Man-made chemicals?! You make it sound like they are producing Soylent Green. :rofl:
One major difference is that during the Great Depression, foods like Doritos, Hamburger Helper and Twinkies weren't available on most store shelves, and home gardens and preserving were considerably more prevalent.
I'll have to send along my raspberry lemonade recipe.
... it is on the package. Pick up package. Read.
They're putting saltpeter in our food too, and not telling us
They're putting saltpeter in our food too, and not telling us
So you approve of having this information on the package. You see its potential value, and feel that consumers who don't read and heed it have only themselves to blame. All well and good.

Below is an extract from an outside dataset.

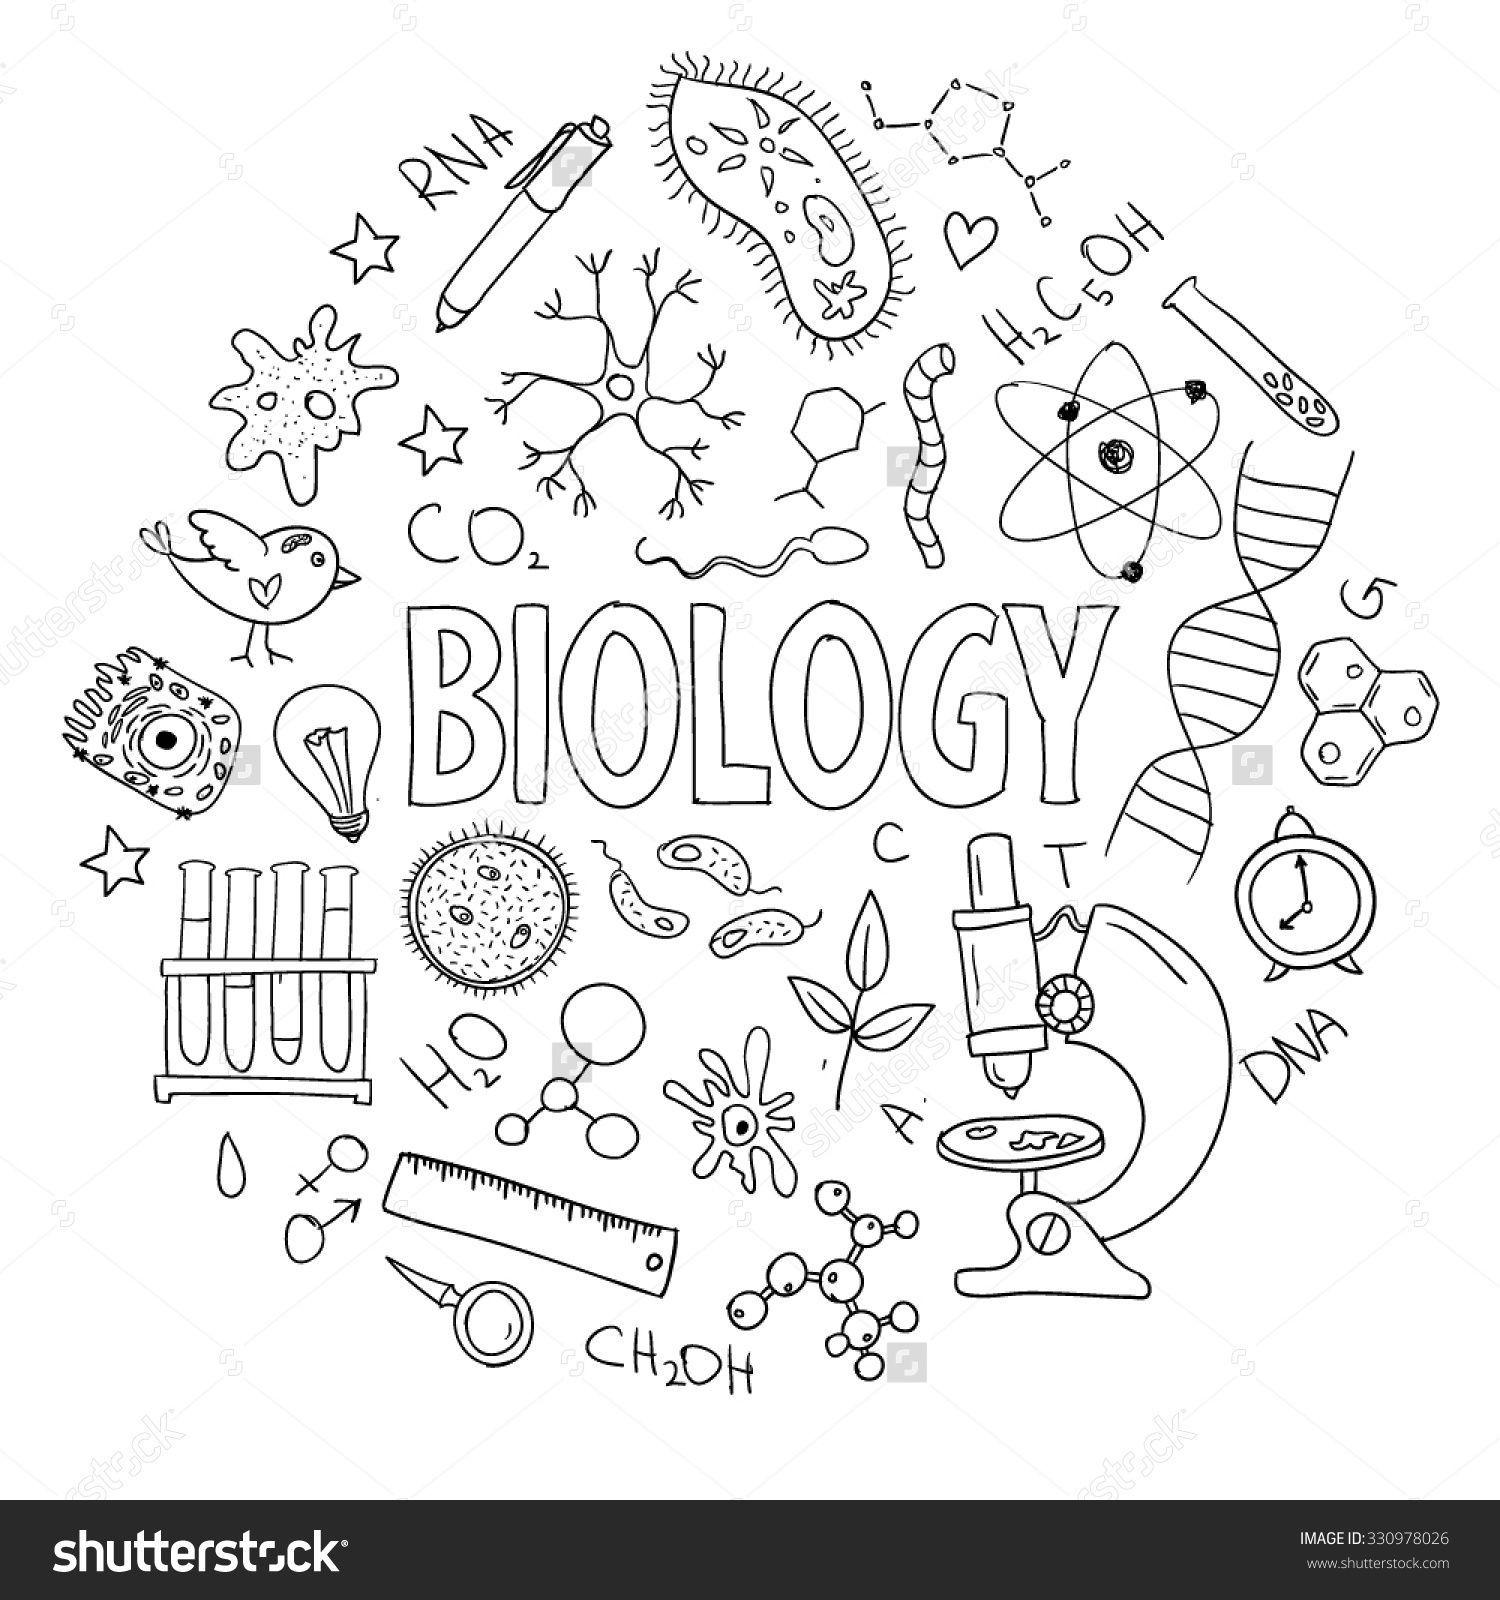 Equipment Biology Vector School Design Drawn Hand

But do you realize that food manufacturers did everything they could to resist putting such information on packaging? And that the only reason they finally began doing so was because they were forced to -- by government? And that these same food manufacturers do not put the information on their packaging when selling in foreign countries that don't require labeling?

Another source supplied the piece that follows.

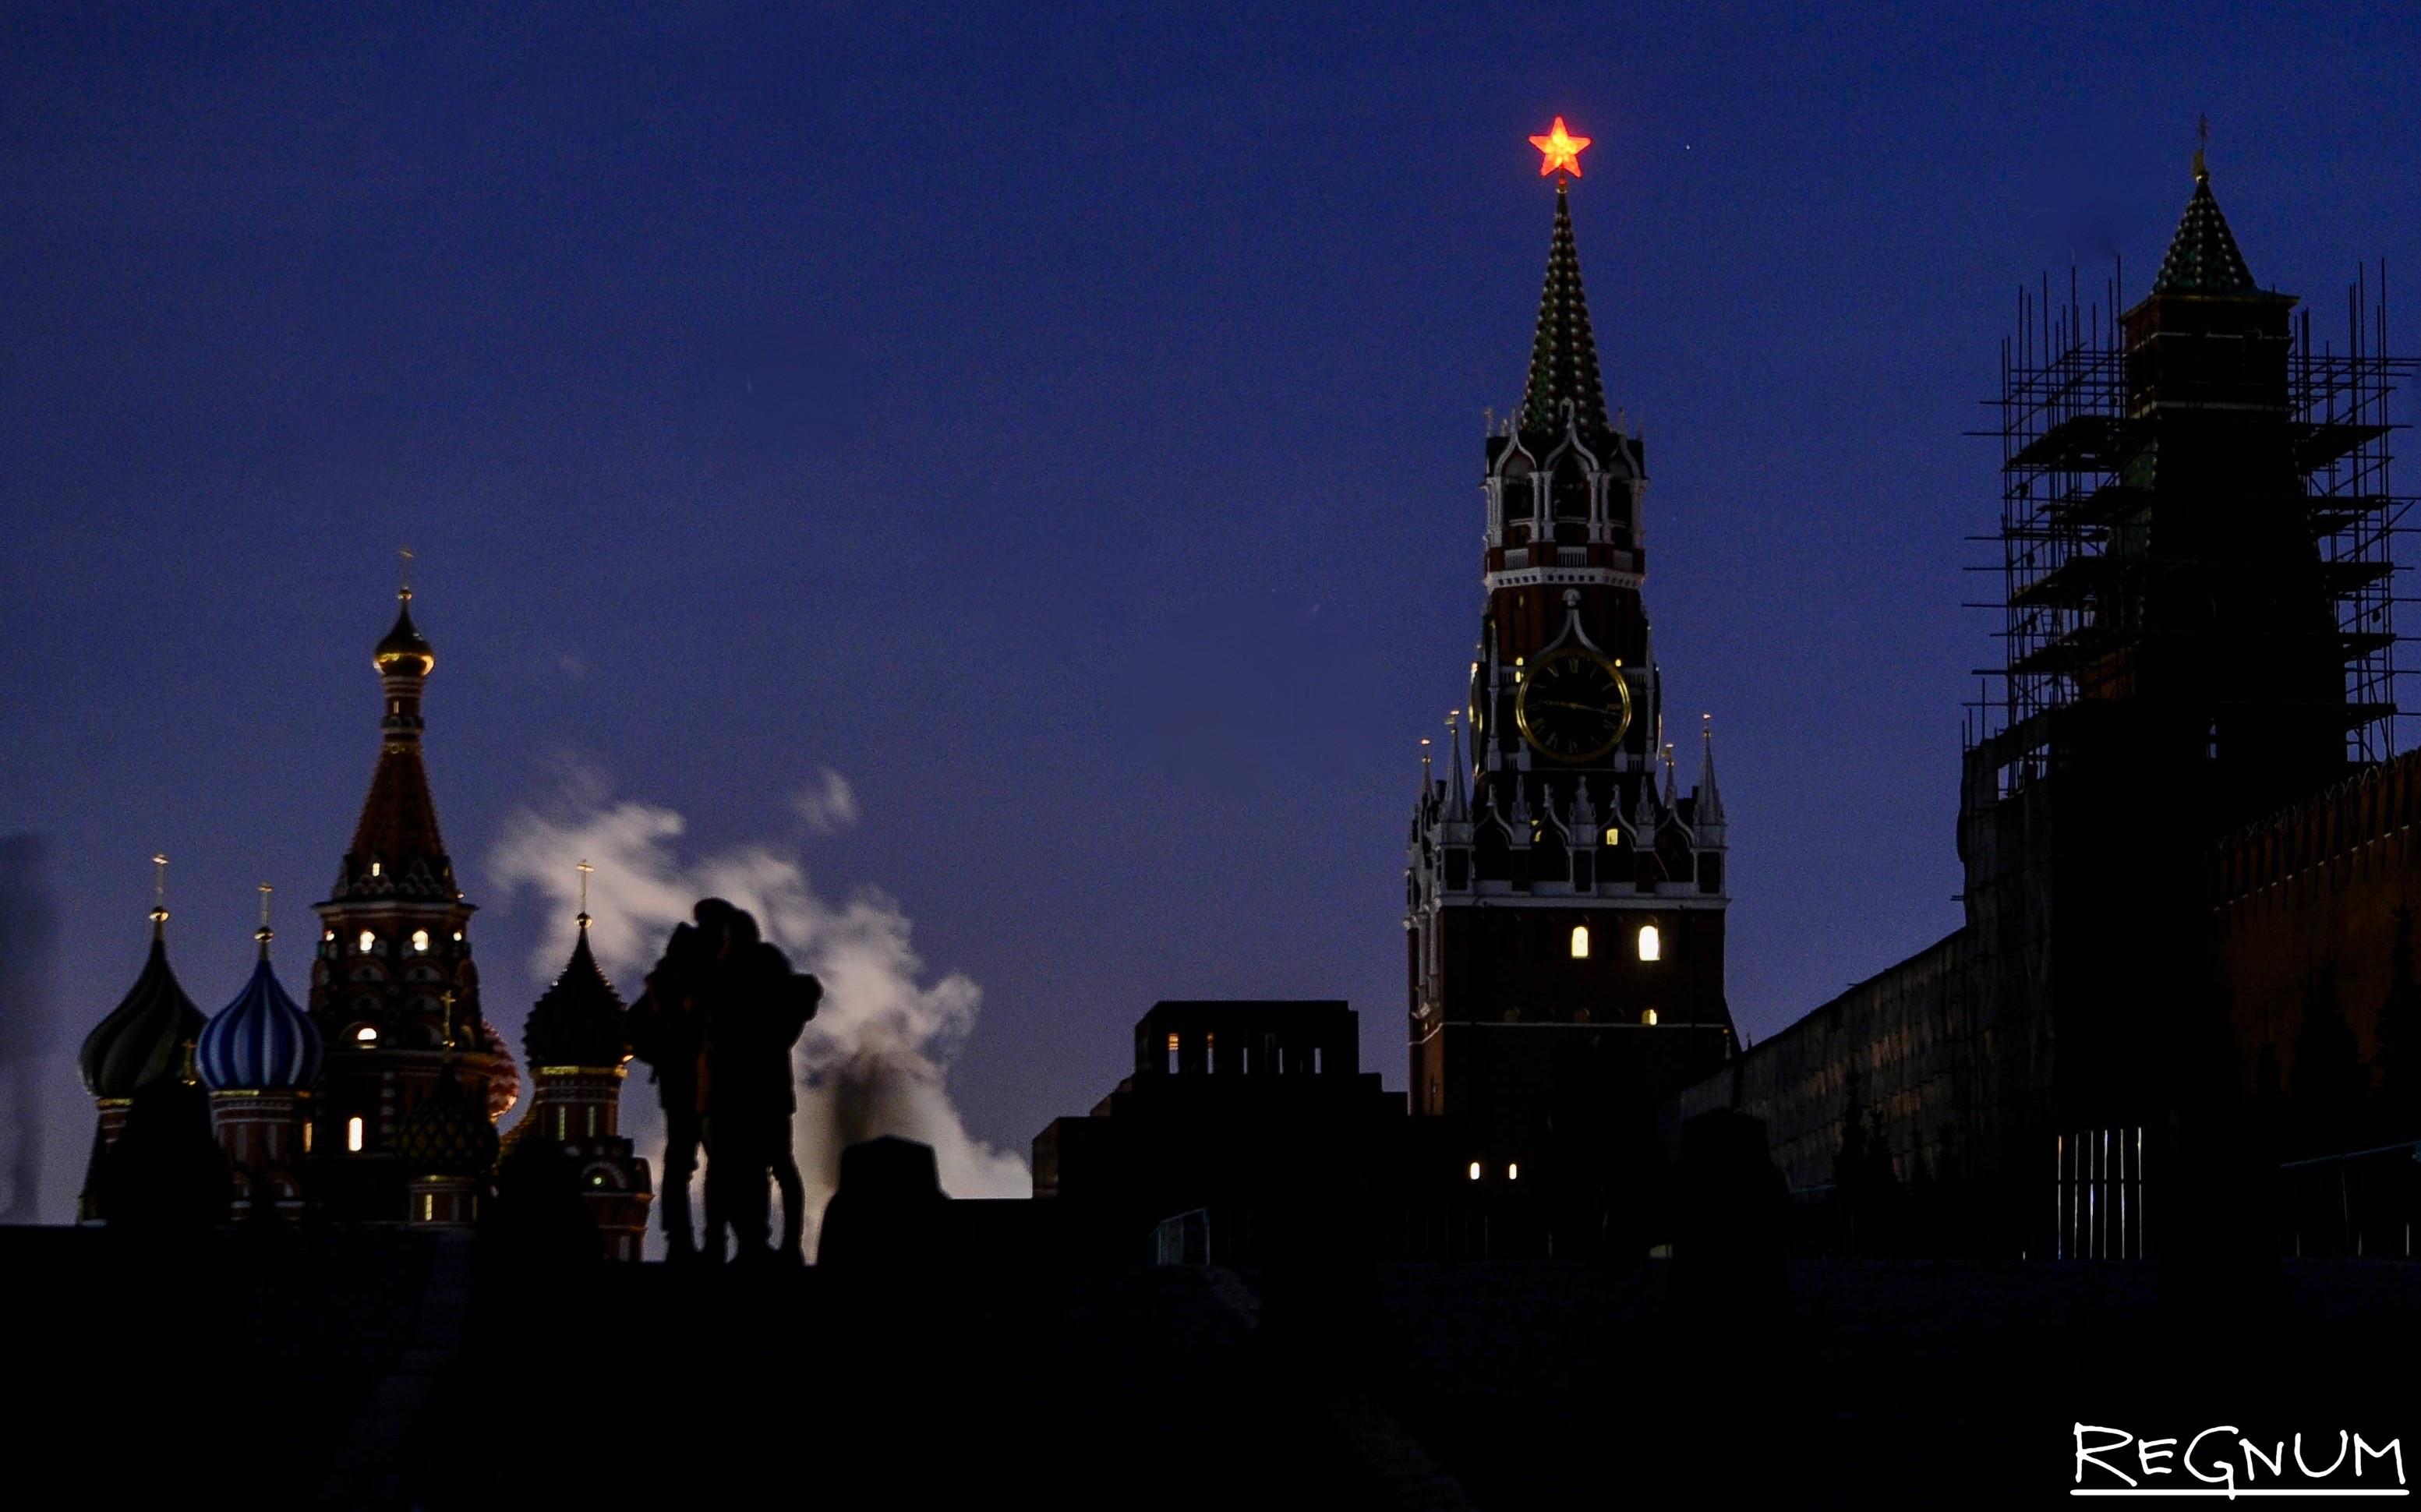 Час Земли Час Земли в Москве regnum picture 1460039350811420 normal

right. Everyone is lining up at the library. Plus, everyone can read.
Twinkies have no manmade chemicals in them... just all natural...
Enriched Bleached Wheat Flour [Flour, Reduced Iron, B Vitamins (Niacin, Thiamine Mononitrate (B1), Riboflavin (B2), Folic Acid)], Corn Syrup, Sugar, High Fructose Corn Syrup, Water, Partially Hydrogenated Vegetable and/or Animal Shortening (Soybean, Cottonseed and/or Canola Oil, Beef Fat), Whole Eggs, Dextrose. Contains 2% or Less of: Modified Corn Starch, Glucose, Leavenings (Sodium Acid Pyrophosphate, Baking Soda, Monocalcium Phosphate), Sweet Dairy Whey, Soy Protein Isolate, Calcium and Sodium Caseinate, Salt, Mono and Diglycerides, Polysorbate 60, Soy Lecithin, Soy Flour, Cornstarch, Cellulose Gum, Sodium Stearoyl Lactylate, Natural and Artificial Flavors, Sorbic Acid (to Retain Freshness), Yellow 5, Red 40.

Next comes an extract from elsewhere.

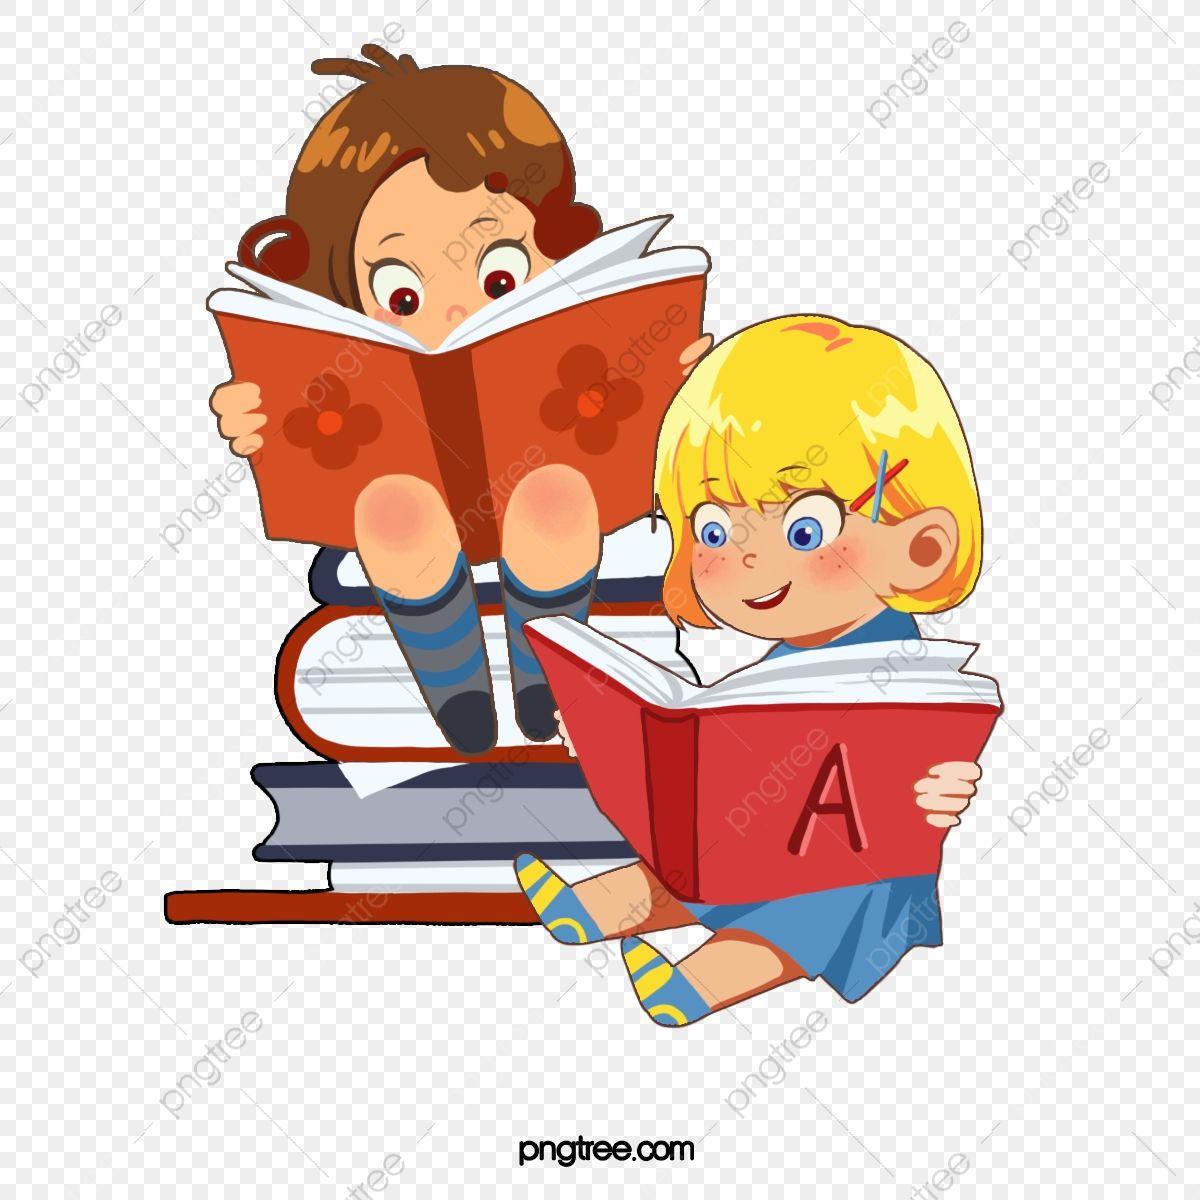 62 Gambar Kartun Anak Membaca Hd Terbaik Kids Cartoon Characters Kids Reading Books Cartoon Images

I've got a modified corn starch plant in my backyard, right next to the sodium stearoyl lactylate and sodium caseinate tree.
Twinkies not a good example? How about Wonderbread...
Whole wheat flour, water, wheat gluten, high fructose corn syrup, contains 2% of less of: soybean oil, salt, molasses, yeast, mono and diglycerides, exthoxylated mono and diglycerides, dough conditioners (sodium stearoyl lactylate, calcium iodate, calcium dioxide), datem, calcium sulfate, vinegar, yeast nutrient (ammonium sulfate), extracts of malted barley and corn, dicalcium phosphate, diammonium phosphate, calcium propionate (to retain freshness).
I know when I made bread I always use my dicalcium phosphate, datem, and diammonium phosphate. Doesn't everyone?
Just like mom just to make... right?
Isn't it interesting that in these other countries that don't have labeling requirements, they have less of an obesity problem than we do here?
right. Everyone is lining up at the library. Plus, everyone can read.